» **WHAT IS NEEDED**:
Each line below from the one containing "Teddys bar deals" through the one containing "Furniture of America" is to be given again exactly, and no line outside that span.

» **SUPPLIED RECORDS**:

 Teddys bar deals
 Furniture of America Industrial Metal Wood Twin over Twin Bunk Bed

* * *

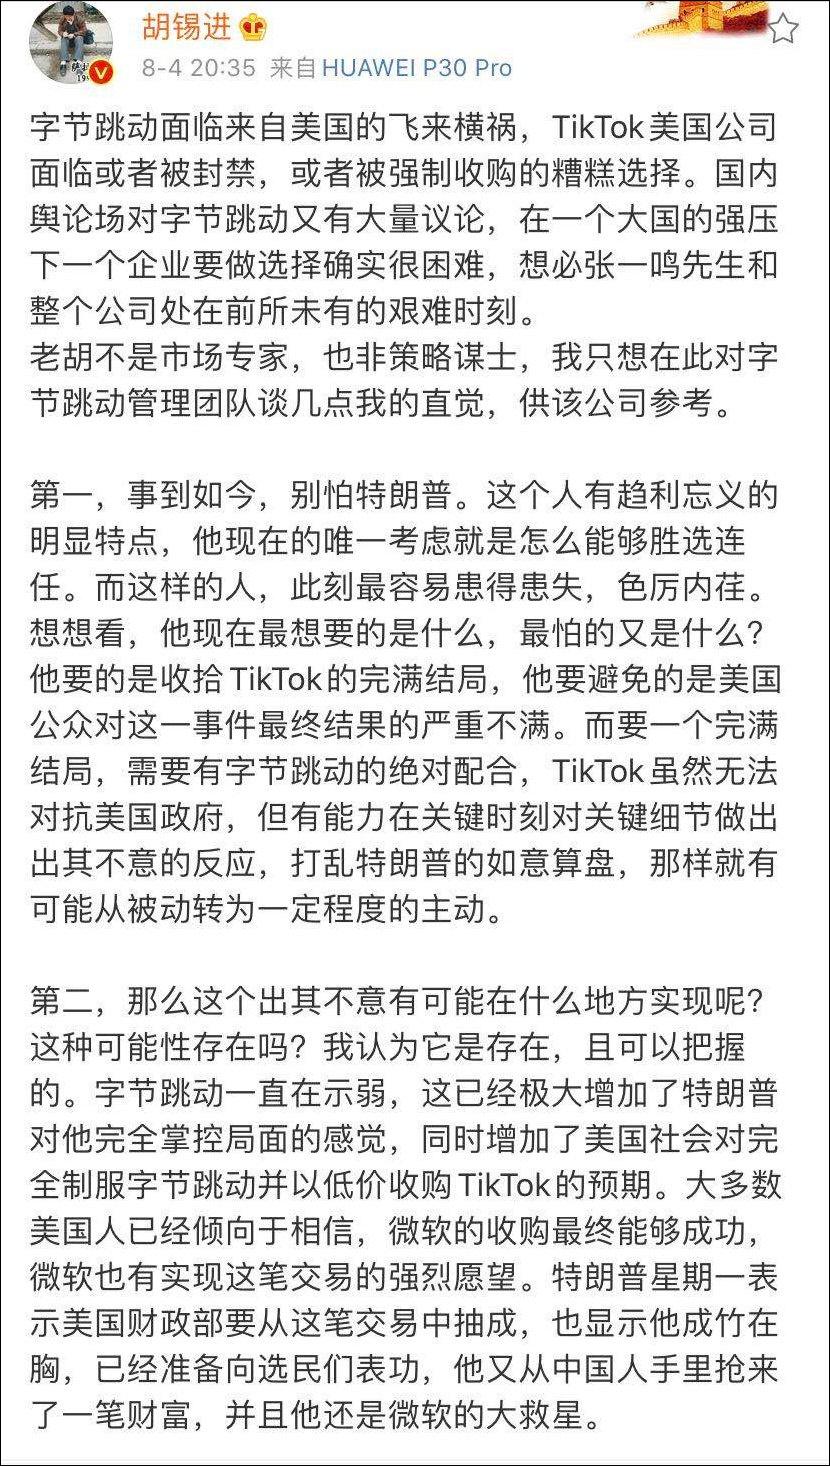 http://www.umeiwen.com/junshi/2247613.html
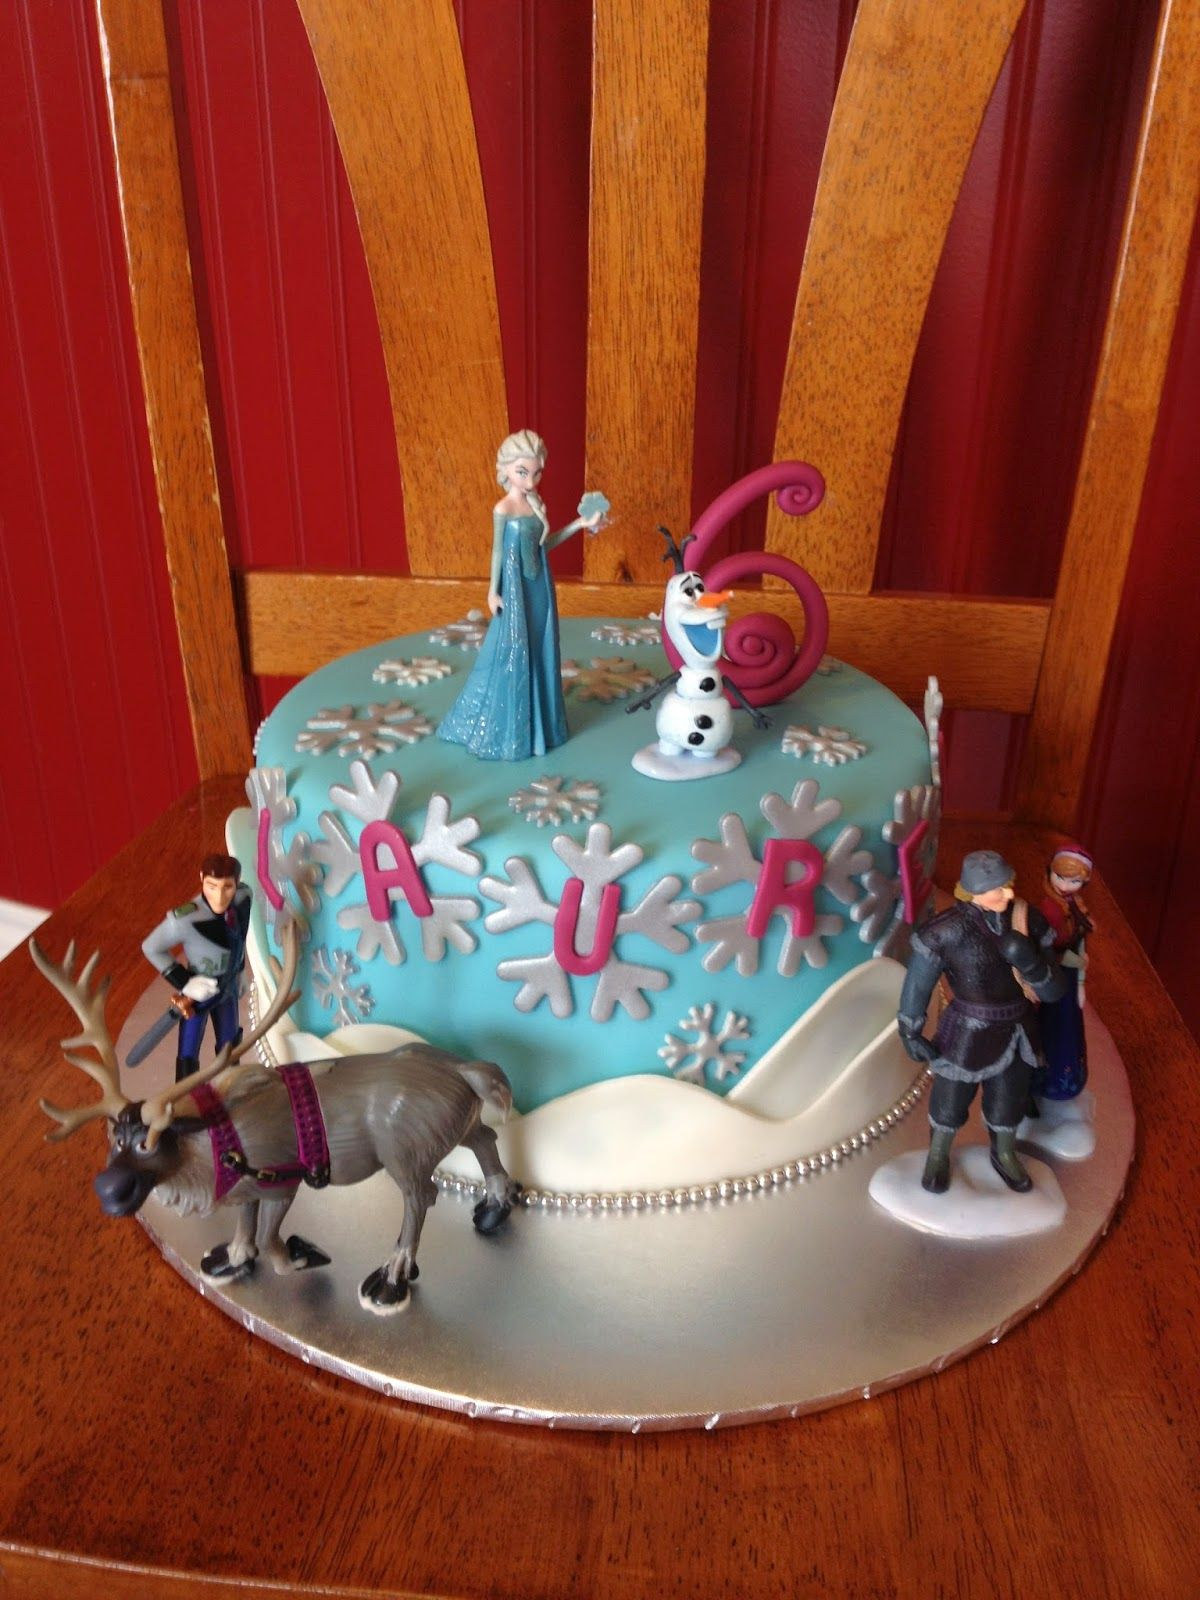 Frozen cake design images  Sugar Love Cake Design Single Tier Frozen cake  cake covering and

==

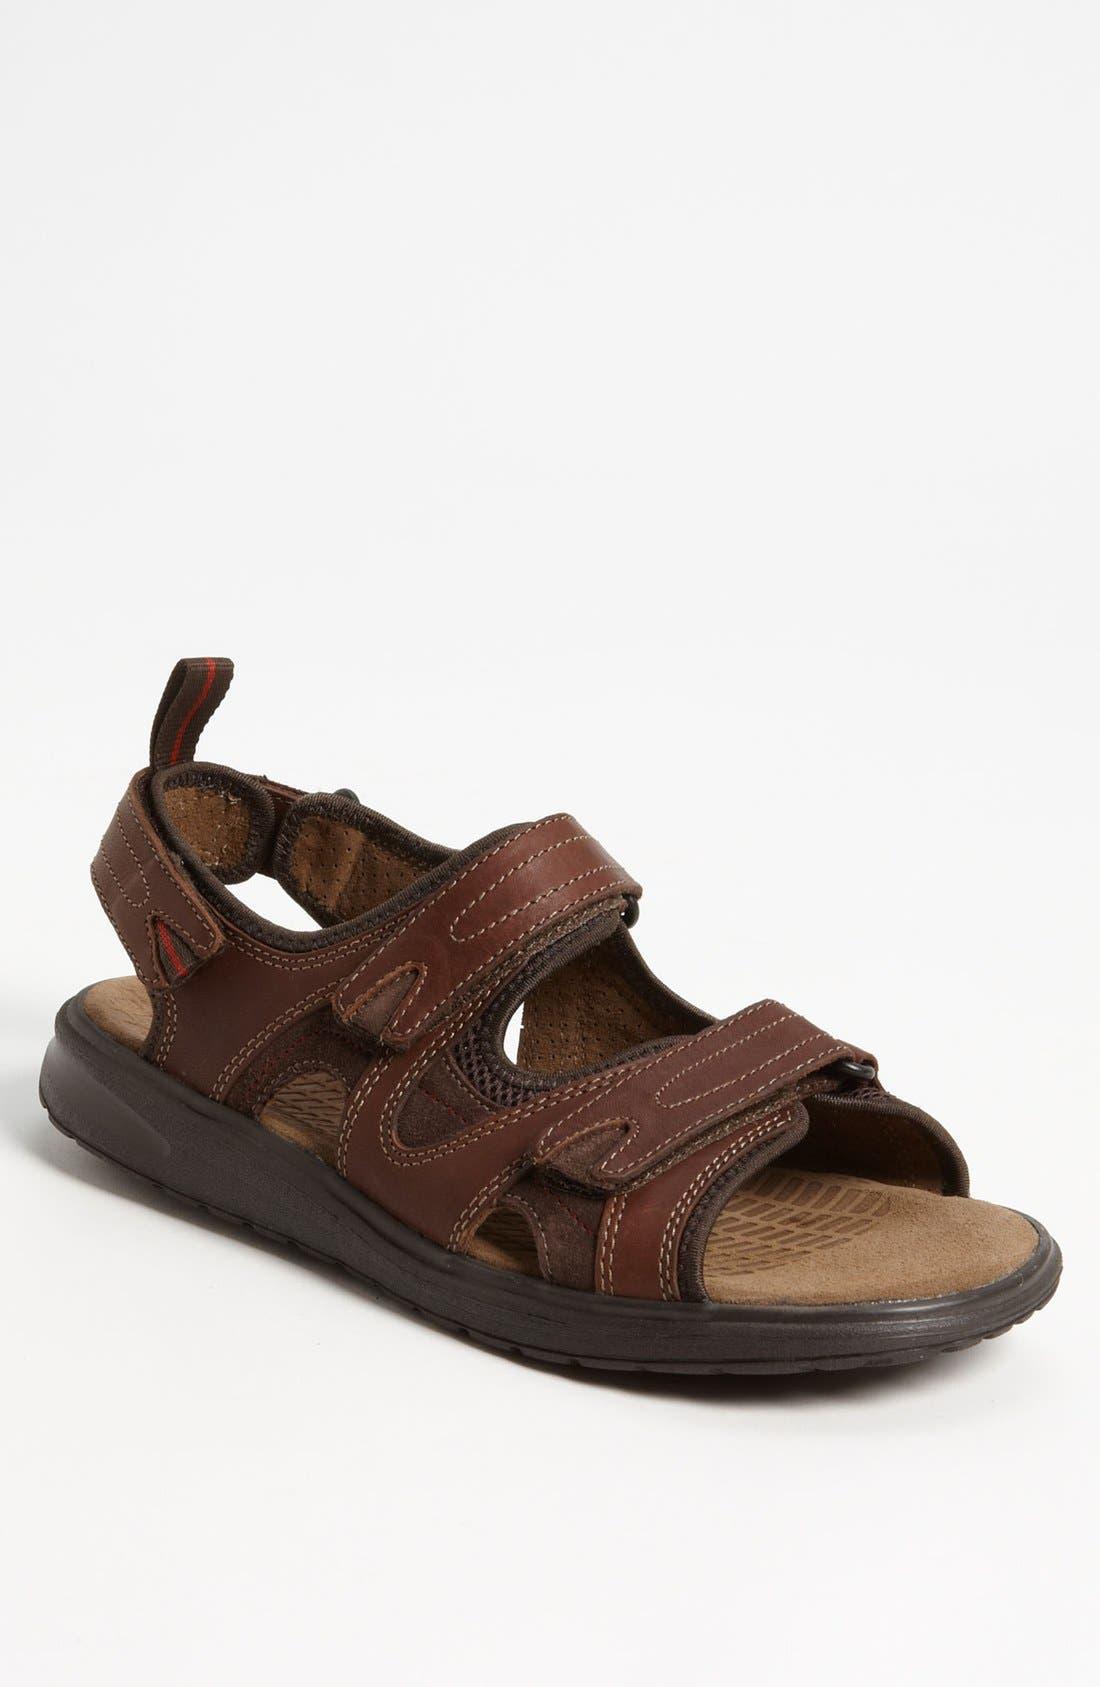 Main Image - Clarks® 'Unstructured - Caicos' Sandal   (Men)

» **RESULT FOR THIS TASK**:
 Teddys bar deals
 Furniture of America Industrial Metal Wood Twin over Twin Bunk Bed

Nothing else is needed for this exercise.